Die Resonanz auf das Frauenzentrum ist überwältigend: Rund tausend Frauen haben das Zentrum schon besucht, mittlerweile ist es in ganz Tschetschenien bekannt. Neben den konkreten Hilfestellungen, die die Frauen dort bekommen, ist das Zentrum auch als Kommunikationszentrum wichtig, als Ort, an dem sie der Beschränkung auf den Familienkreis kurzfristig entgehen können und als Ort des Wohlbefindens. Viele Frauen wurden dort wahrscheinlich zum ersten Mal seit langer Zeit wieder gefragt, wie es ihnen geht.

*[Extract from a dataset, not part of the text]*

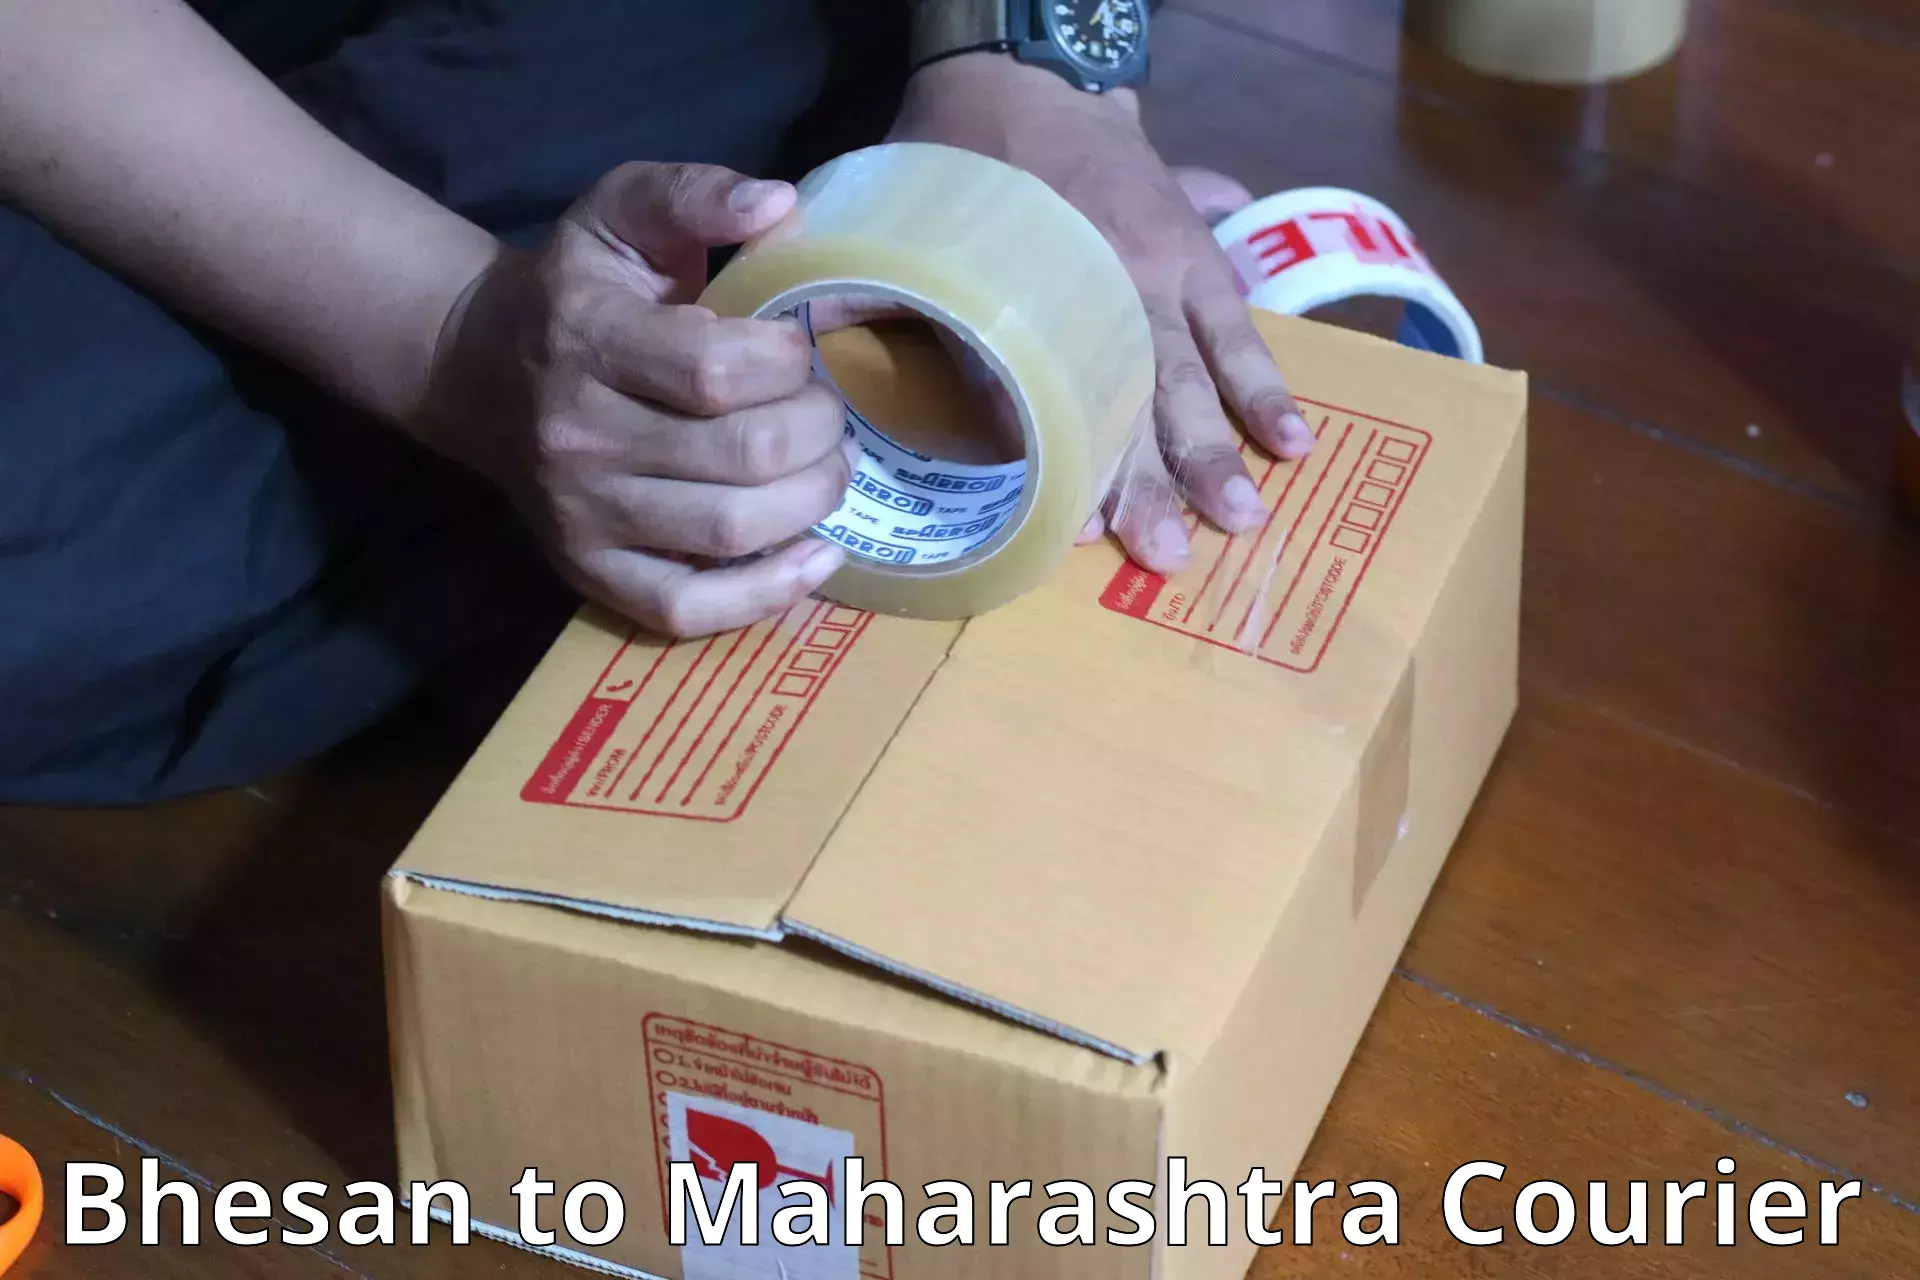 High-quality baggage shipment Bhesan to Mahabaleshwar

In der kurzen Zeit seines Bestehens hat sich Zenskoje Dostoinstvo zum Ausgangspunkt zahlreicher Aktivitäten entwickelt. Es wurde eine kleine Bibliothek angelegt und Näh- und Handarbeitskurse eingerichtet. Geplant sind jetzt Computer- und Sprachkurse. Außerdem wurde auf dem Grundstück des Zentrums ein kleines Landwirtschaftsprojekt begonnen. Dort stehen fünf Kühe, die täglich gemolken werden. Die Milch ist eine kleine Calciumspritze für die Kinder eines Hilfsprojekts, das im Erdgeschoß des Hauses untergebracht ist sowie für die Kinder der Mütter, die das Zentrum besuchen, denn 87 Prozent der tschetschenischen Kinder sind mangelernährt. Um den Vitaminmangel von Frauen in der Schwangerschaft und dessen verheerende Wirkung zu bekämpfen, soll noch in diesem Jahr ein Versuchsprojekt starten, bei dem 50 Frauen vom Beginn ihrer Schwangerschaft an mit Vitaminen versorgt werden.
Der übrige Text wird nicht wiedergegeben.